‘When Mr. Pirzada Came To Dine’ by Jhumpa Lahiri

When Mr. Pirzada Came To Dine by Jhumpa Lahiri, 1998

The magic trick:

Bringing home the story of war by keeping a certain distance

Writing about personal tragedy is difficult.

Writing about tragedy on a grand scale? Difficult, verging on the impossible.

“When Mr. Pirzada Came To Dine” manages to do both remarkably well. Truly amazing.

The topic at hand is the Bangladesh Liberation War of 1971. The story, however, is set in Boston. So how does that work?

Brilliantly, we get the story through the memories of our narrator looking back on her childhood – where her concerns about Halloween costume intermingle with sorting out how she feels about this odd guest who joins the family for dinner each night.

This guest, it turns out, is in Boston on an academic program, separated from his wife and children, who are half a world away in the middle of the Bangladesh Liberation War.

So we get the intensely personal connection through Mr. Pirzada. But we also get the distance – both physical distance between the story’s setting and the war, and the emotional distance caused by the limited capacity to understand inherent to our narrator’s age. The intensely personal connection obviously makes us feel sympathy for the situation. The distance makes it easier for us to relate – reading as most people will be from a setting and position of privilege similar to the narrator.
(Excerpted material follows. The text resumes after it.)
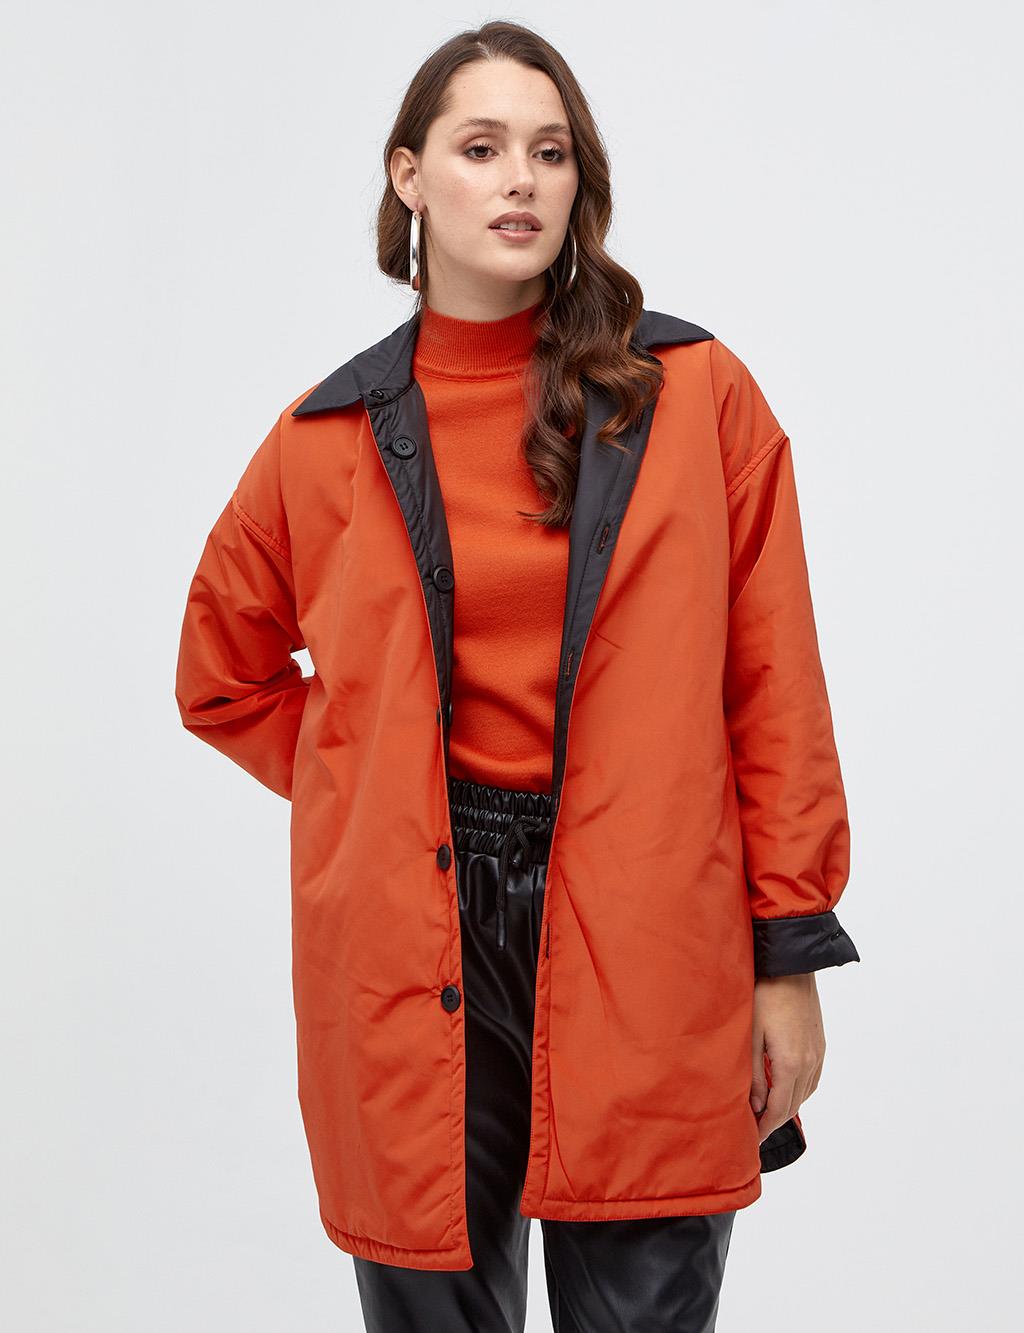 Double Sided Jacket Coral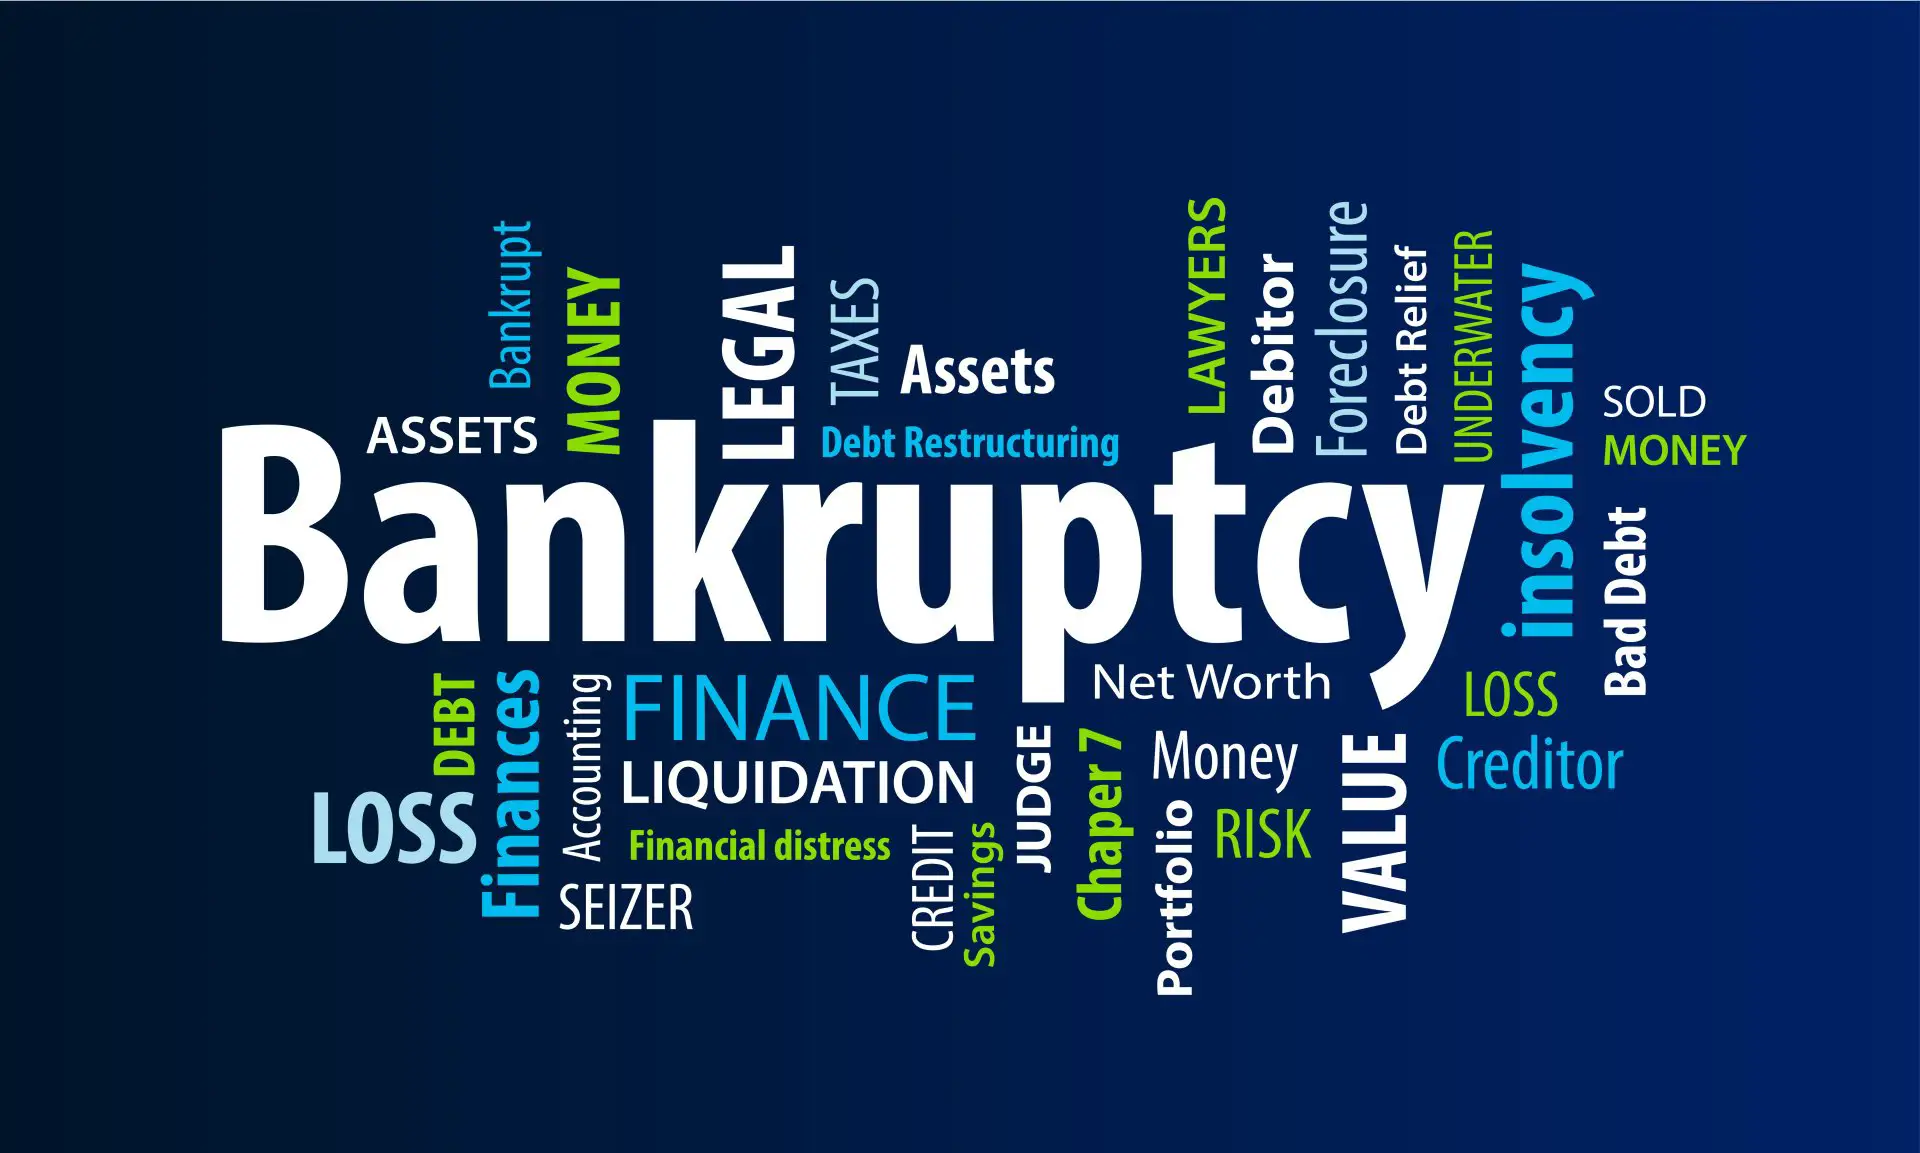 Business Bankruptcies Finally Dropping

And that’s quite a trick on Lahiri’s part.

The selection:

At six-thirty, which was when the national news began, my father raised the volume and adjusted the antennas. Usually I occupied myself with a book, but that night my father insisted that I pay attention. On the screen I saw tanks rolling through dusty streets, and fallen buildings, and forests of unfamiliar trees into which East Pakistani refugees had fled, seeking safety over the Indian border. I saw boats with fan-shaped sails floating on wide coffee-colored rivers, a barricaded university, newspaper offices burnt to the ground. I turned to look at Mr. Pirzada; the images flashed in miniature across his eyes. As he watched he had an immovable expression on his face, composed but alert, as if someone were giving him directions to an unknown destination.